In the data below, reproduce everything exactly except the images.

# The data:
══════
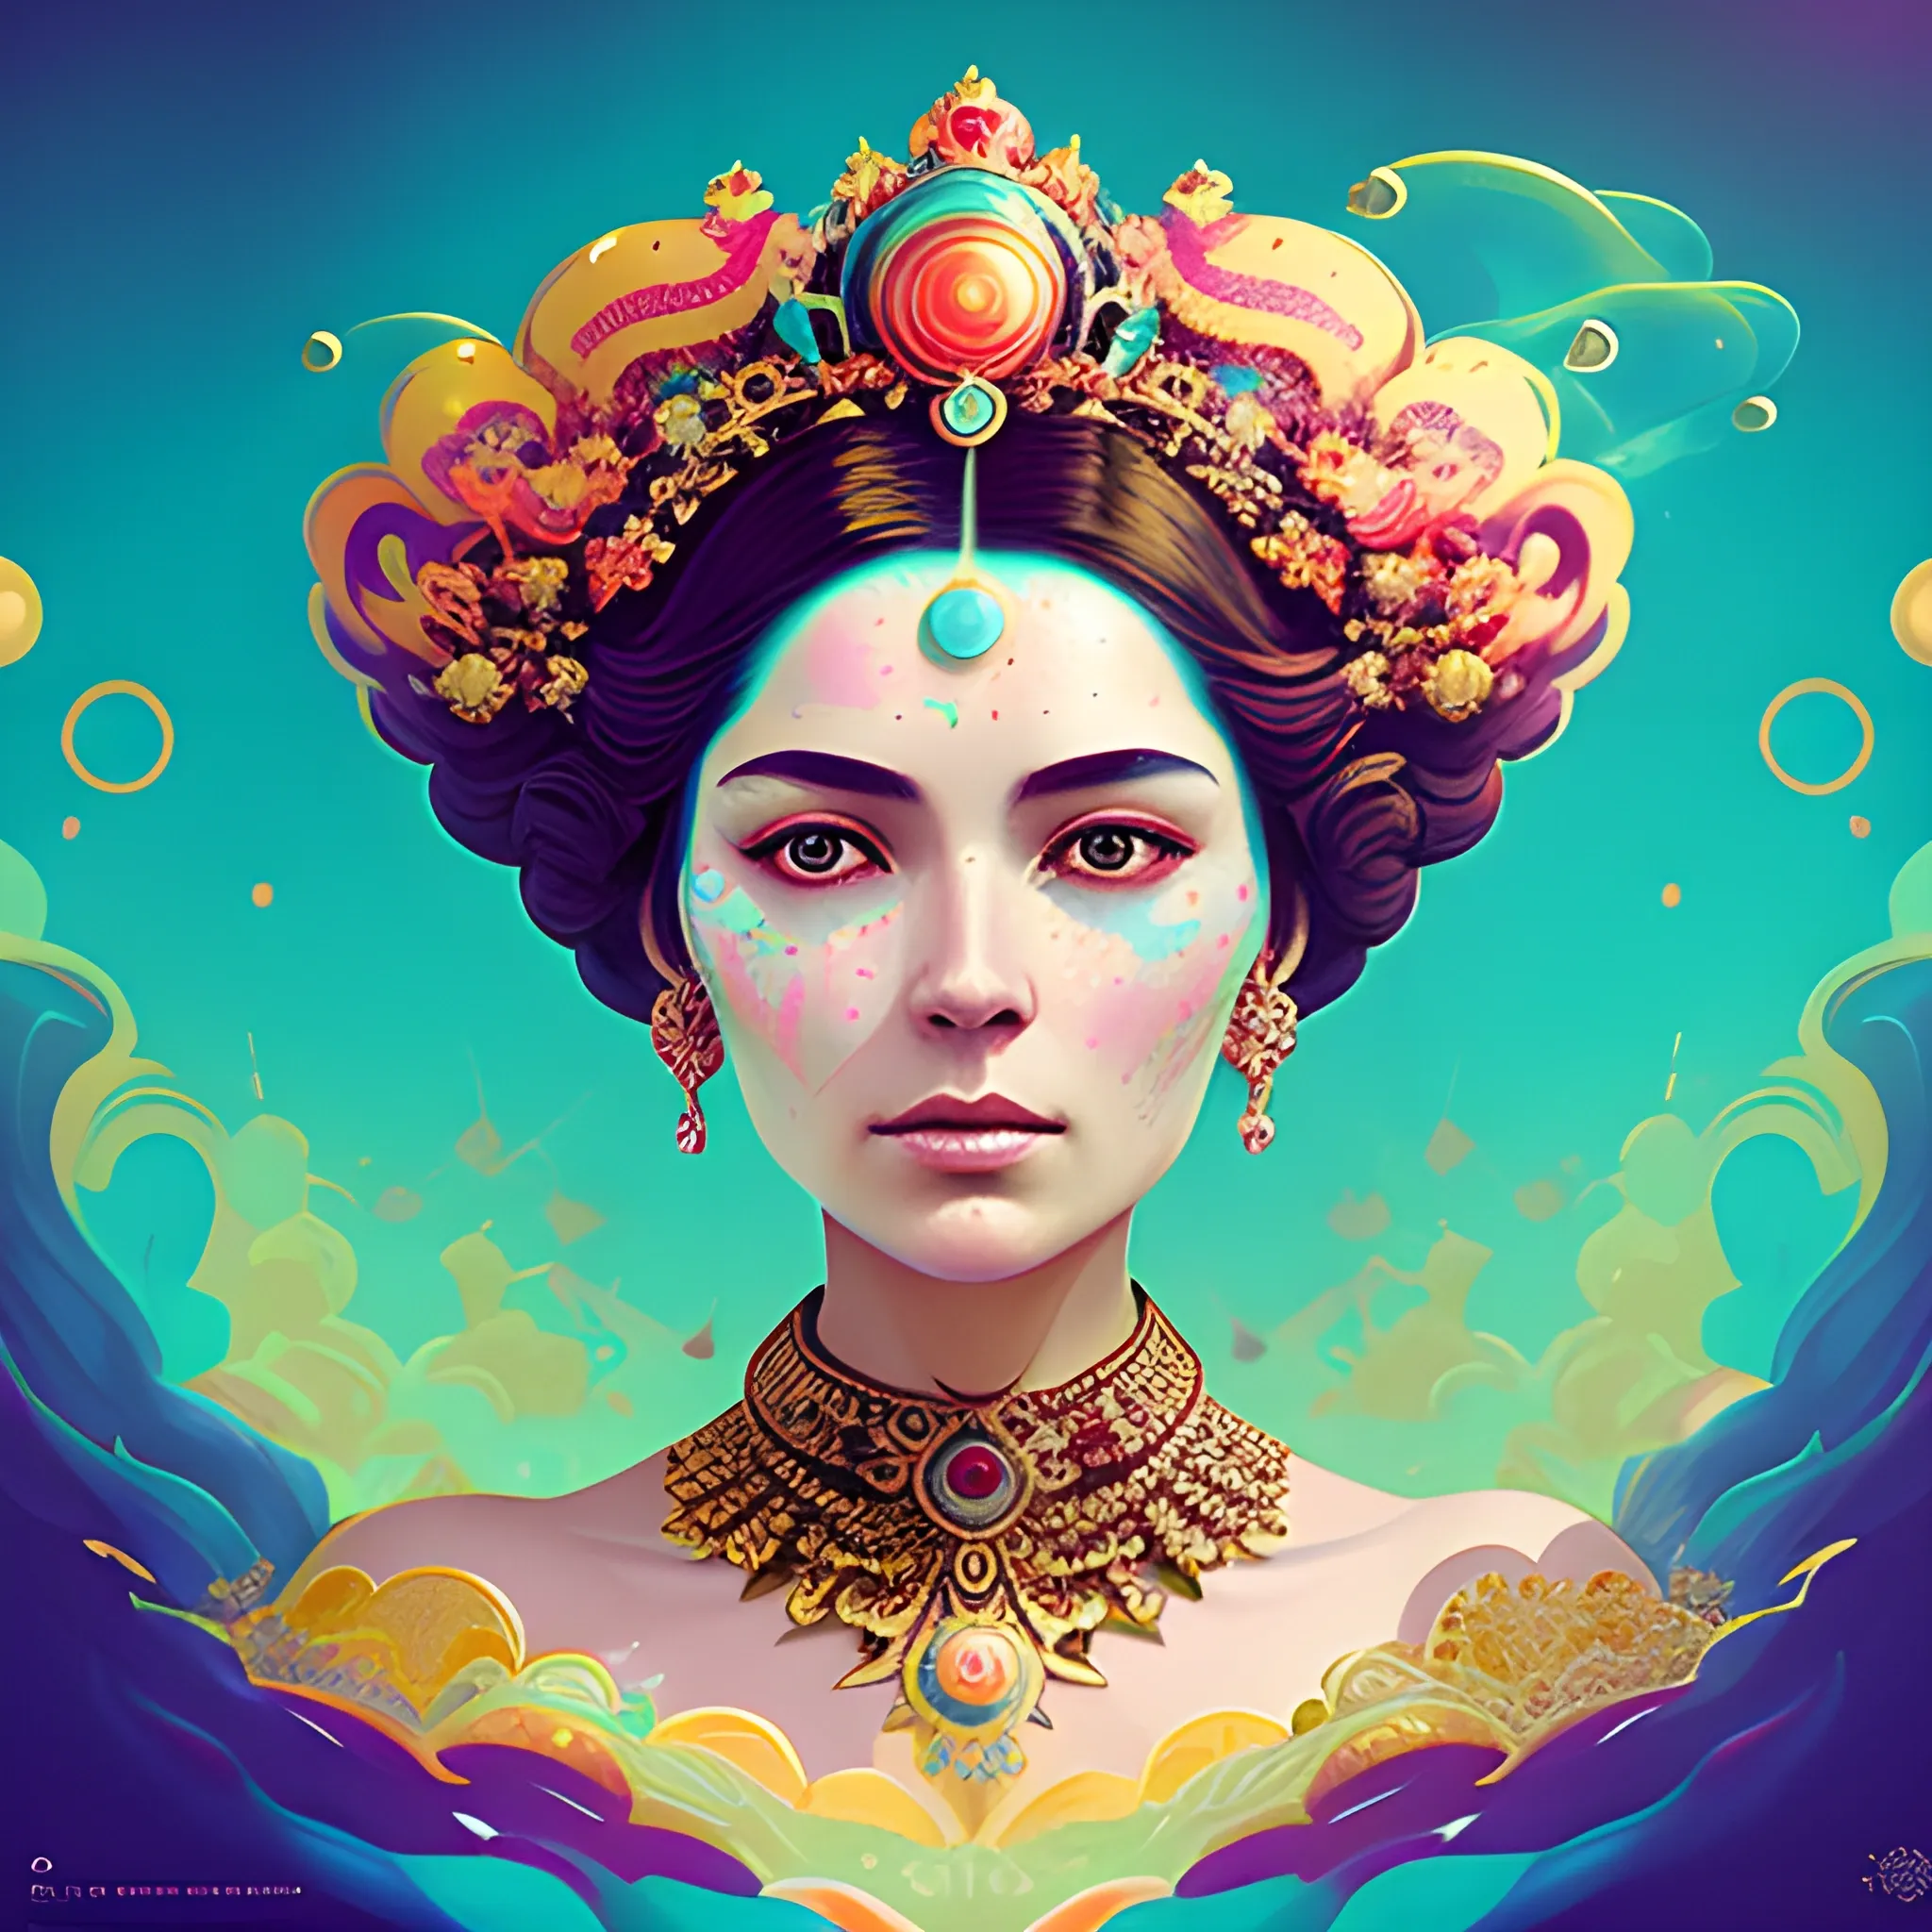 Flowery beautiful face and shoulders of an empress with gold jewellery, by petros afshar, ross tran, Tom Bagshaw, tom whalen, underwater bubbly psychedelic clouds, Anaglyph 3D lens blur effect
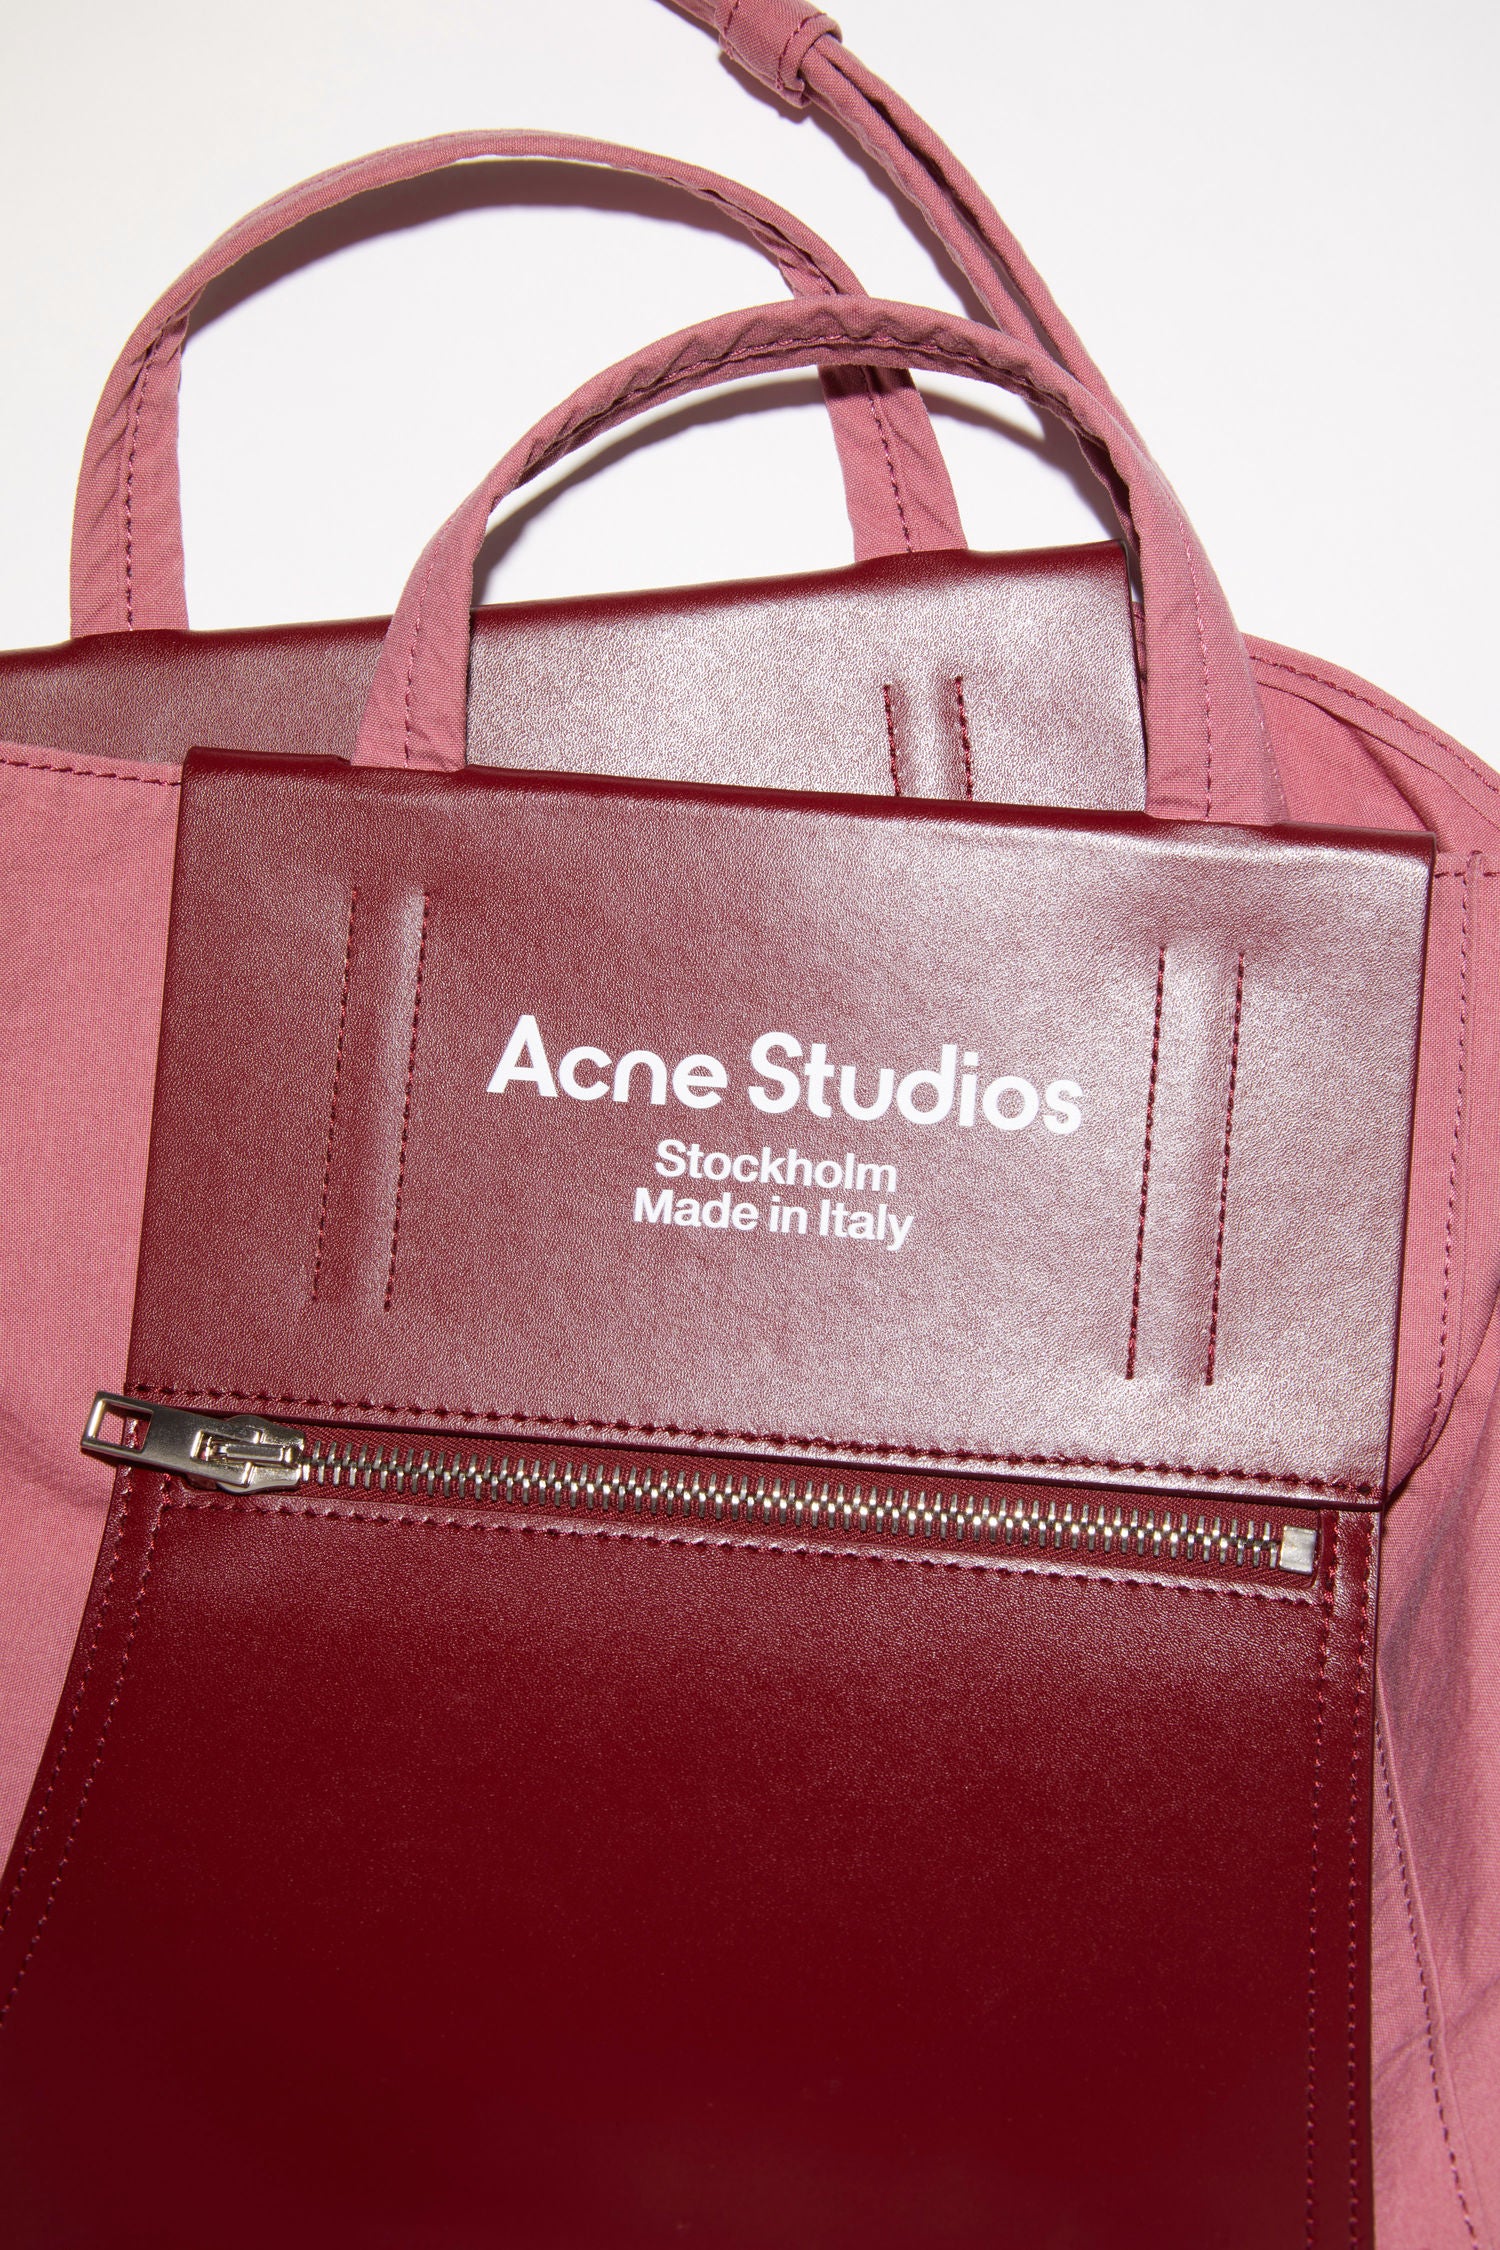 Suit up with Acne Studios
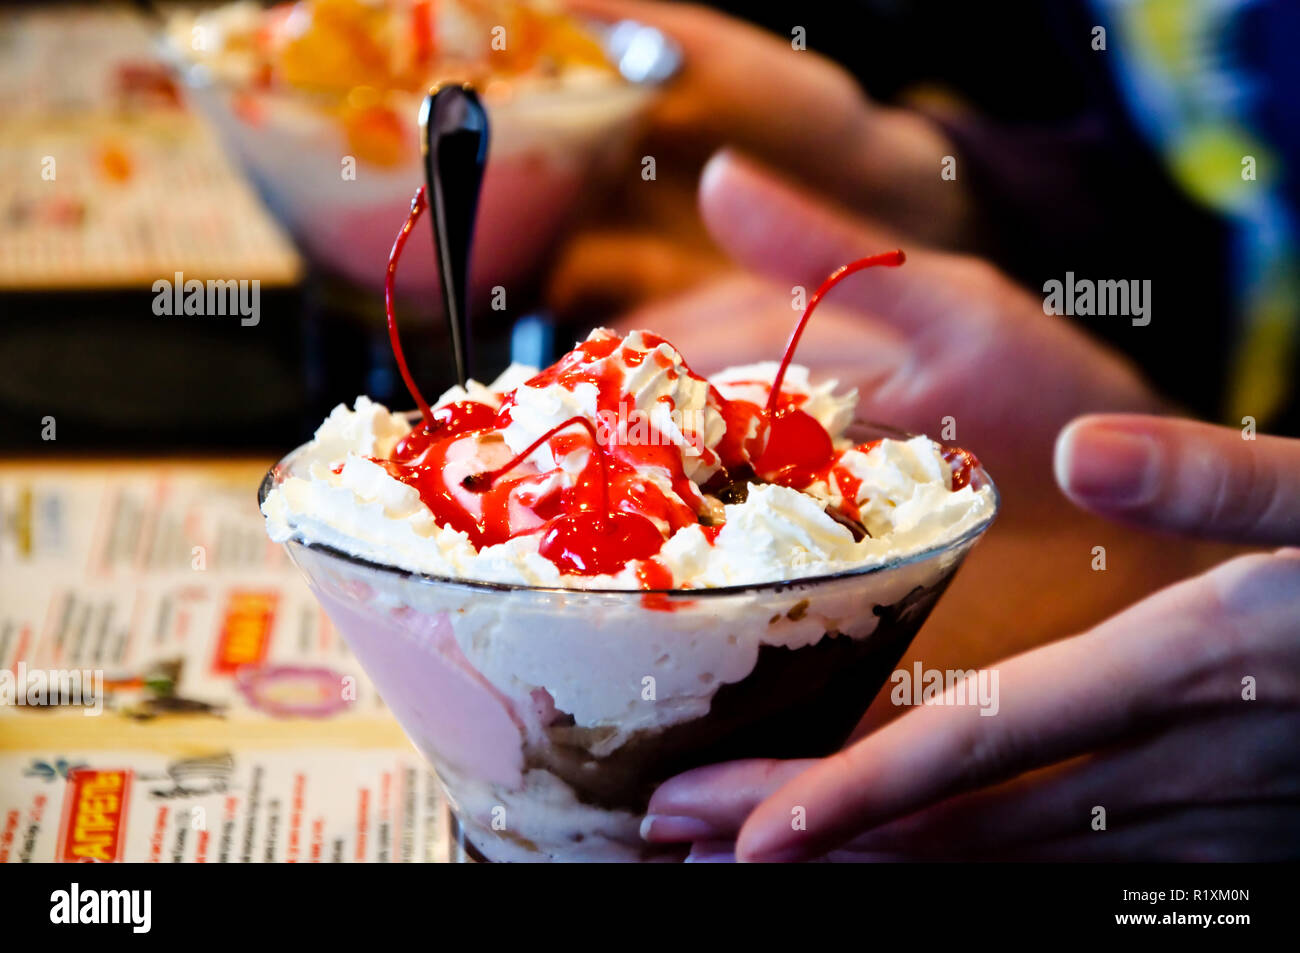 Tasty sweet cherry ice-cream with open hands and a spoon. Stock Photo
══════
# Solved problem:
 Flowery beautiful face and shoulders of an empress with gold jewellery, by petros afshar, ross tran, Tom Bagshaw, tom whalen, underwater bubbly psychedelic clouds, Anaglyph 3D lens blur effect
 Suit up with Acne Studios
 Tasty sweet cherry ice-cream with open hands and a spoon. Stock Photo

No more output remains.